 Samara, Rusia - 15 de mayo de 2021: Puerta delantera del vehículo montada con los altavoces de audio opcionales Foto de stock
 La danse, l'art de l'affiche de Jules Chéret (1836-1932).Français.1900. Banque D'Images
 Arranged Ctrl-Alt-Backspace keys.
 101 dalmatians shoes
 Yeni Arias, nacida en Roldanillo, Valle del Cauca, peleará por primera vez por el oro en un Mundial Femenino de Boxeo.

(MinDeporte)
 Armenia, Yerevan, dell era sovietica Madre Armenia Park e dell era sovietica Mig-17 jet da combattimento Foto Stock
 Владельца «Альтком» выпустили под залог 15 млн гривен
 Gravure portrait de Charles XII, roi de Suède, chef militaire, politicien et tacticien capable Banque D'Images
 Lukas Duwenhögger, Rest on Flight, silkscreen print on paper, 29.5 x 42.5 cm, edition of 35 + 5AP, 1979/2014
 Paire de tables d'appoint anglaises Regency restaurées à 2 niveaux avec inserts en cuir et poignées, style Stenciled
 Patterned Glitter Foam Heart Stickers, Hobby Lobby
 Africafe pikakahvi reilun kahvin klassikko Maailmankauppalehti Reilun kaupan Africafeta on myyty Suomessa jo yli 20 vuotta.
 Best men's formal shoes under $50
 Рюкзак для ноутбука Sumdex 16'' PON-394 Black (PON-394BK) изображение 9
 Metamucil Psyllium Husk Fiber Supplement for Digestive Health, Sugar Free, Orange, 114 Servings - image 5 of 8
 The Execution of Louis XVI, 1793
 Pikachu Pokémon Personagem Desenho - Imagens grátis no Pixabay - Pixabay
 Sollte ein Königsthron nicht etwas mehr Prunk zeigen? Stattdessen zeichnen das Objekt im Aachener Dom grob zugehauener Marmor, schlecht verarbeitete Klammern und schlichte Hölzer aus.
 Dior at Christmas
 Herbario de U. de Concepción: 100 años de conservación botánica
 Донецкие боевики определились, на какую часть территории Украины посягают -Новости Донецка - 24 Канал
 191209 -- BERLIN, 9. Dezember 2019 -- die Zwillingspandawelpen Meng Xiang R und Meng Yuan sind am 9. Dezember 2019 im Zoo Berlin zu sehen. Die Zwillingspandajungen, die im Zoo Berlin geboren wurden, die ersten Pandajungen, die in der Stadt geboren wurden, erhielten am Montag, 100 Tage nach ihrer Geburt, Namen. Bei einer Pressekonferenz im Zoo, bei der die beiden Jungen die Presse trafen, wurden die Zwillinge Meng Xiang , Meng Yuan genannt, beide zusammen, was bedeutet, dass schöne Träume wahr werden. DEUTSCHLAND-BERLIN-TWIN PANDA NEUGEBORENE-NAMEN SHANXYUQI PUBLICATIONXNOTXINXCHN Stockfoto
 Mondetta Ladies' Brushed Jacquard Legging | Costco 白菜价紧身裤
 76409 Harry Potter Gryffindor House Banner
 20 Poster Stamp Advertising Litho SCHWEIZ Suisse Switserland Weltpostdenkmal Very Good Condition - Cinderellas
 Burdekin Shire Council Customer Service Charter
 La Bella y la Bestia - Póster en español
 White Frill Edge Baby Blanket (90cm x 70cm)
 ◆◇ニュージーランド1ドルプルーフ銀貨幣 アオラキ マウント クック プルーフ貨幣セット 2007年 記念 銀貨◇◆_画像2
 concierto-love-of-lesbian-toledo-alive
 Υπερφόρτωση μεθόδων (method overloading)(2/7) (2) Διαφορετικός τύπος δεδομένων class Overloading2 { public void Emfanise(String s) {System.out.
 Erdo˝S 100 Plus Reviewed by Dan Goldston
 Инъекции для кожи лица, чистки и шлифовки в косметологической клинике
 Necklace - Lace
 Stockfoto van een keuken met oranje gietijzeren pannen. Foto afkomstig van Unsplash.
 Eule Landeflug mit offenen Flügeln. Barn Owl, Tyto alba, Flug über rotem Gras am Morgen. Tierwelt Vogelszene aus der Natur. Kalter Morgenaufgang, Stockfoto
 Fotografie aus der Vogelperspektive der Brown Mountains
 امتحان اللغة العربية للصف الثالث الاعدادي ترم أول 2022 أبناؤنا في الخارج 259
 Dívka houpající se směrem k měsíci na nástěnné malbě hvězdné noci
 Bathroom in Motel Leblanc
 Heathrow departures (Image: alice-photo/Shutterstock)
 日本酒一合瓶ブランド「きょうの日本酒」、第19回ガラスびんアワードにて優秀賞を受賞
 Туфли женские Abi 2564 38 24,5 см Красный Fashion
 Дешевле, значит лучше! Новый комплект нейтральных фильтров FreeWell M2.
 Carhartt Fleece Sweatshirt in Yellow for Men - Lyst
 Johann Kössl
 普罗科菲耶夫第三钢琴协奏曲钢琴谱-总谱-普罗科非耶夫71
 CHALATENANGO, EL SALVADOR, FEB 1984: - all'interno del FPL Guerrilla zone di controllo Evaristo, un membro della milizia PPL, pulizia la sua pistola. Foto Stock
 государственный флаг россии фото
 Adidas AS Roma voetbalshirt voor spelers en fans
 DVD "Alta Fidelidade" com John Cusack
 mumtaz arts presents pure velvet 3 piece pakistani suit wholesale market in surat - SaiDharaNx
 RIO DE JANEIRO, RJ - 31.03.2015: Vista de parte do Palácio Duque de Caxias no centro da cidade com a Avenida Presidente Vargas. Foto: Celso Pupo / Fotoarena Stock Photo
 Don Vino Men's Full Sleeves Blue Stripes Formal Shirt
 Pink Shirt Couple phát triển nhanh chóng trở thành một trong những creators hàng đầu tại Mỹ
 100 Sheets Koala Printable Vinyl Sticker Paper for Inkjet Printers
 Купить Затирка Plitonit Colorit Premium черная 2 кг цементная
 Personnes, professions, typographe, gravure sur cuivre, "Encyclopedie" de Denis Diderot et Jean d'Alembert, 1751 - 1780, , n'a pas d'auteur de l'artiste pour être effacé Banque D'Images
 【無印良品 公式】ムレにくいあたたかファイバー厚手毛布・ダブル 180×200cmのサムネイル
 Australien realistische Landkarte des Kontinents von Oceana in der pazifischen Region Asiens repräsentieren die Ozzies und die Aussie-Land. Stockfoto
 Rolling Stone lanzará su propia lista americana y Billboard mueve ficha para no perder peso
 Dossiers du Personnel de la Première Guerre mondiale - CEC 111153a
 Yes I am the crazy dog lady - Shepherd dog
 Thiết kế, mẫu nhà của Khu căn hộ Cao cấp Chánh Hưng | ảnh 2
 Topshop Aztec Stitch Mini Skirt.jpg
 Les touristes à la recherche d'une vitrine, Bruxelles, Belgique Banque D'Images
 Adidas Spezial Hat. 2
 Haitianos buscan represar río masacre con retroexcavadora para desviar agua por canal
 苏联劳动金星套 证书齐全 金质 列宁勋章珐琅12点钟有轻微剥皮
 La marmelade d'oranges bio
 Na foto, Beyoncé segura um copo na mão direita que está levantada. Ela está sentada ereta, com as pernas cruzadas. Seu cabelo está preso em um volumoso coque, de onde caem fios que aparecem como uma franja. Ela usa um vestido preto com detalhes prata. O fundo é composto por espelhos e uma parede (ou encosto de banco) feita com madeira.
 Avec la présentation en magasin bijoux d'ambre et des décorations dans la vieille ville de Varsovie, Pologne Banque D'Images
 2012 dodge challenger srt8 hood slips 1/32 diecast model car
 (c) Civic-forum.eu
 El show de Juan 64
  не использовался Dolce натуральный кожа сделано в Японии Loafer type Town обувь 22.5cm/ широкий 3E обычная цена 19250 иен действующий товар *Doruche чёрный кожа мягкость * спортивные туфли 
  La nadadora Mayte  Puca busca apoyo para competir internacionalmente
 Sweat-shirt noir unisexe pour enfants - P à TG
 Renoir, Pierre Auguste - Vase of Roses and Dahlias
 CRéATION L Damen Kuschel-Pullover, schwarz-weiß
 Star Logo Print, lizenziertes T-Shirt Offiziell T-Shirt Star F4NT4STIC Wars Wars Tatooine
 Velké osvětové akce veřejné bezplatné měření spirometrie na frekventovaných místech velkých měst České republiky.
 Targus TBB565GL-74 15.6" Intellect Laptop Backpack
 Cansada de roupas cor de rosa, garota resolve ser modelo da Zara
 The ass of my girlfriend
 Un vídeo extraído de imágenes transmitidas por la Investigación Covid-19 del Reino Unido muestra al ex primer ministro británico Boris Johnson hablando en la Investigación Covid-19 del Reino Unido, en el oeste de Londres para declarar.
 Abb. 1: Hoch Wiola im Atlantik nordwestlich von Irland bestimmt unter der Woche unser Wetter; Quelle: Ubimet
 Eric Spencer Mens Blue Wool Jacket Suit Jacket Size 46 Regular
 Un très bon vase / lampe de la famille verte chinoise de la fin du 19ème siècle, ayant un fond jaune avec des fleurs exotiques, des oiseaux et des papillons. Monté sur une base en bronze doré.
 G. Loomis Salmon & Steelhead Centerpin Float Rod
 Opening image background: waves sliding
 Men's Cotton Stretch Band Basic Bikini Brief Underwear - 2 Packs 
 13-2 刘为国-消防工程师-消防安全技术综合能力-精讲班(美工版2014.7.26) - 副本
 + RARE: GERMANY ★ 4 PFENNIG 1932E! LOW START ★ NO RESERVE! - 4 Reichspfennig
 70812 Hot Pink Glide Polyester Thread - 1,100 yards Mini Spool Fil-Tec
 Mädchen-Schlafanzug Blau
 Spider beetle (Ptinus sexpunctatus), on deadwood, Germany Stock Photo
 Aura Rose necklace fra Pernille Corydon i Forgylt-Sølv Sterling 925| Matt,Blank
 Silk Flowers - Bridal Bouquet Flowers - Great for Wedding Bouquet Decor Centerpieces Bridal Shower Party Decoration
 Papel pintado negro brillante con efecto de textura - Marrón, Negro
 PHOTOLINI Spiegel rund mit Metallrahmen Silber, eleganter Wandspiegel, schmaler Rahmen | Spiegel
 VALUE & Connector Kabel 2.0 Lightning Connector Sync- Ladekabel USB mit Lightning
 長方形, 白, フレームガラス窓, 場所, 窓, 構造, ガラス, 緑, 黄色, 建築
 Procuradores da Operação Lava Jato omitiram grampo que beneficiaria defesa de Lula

******

» WORK TASK: Using the entries above, give again exactly the lines from the line holding "Intellect Laptop Backpack" through the line holding "Un vídeo extraído". Include both end lines and nothing else.

» COMPLETED EXERCISE:
 Targus TBB565GL-74 15.6" Intellect Laptop Backpack
 Cansada de roupas cor de rosa, garota resolve ser modelo da Zara
 The ass of my girlfriend
 Un vídeo extraído de imágenes transmitidas por la Investigación Covid-19 del Reino Unido muestra al ex primer ministro británico Boris Johnson hablando en la Investigación Covid-19 del Reino Unido, en el oeste de Londres para declarar.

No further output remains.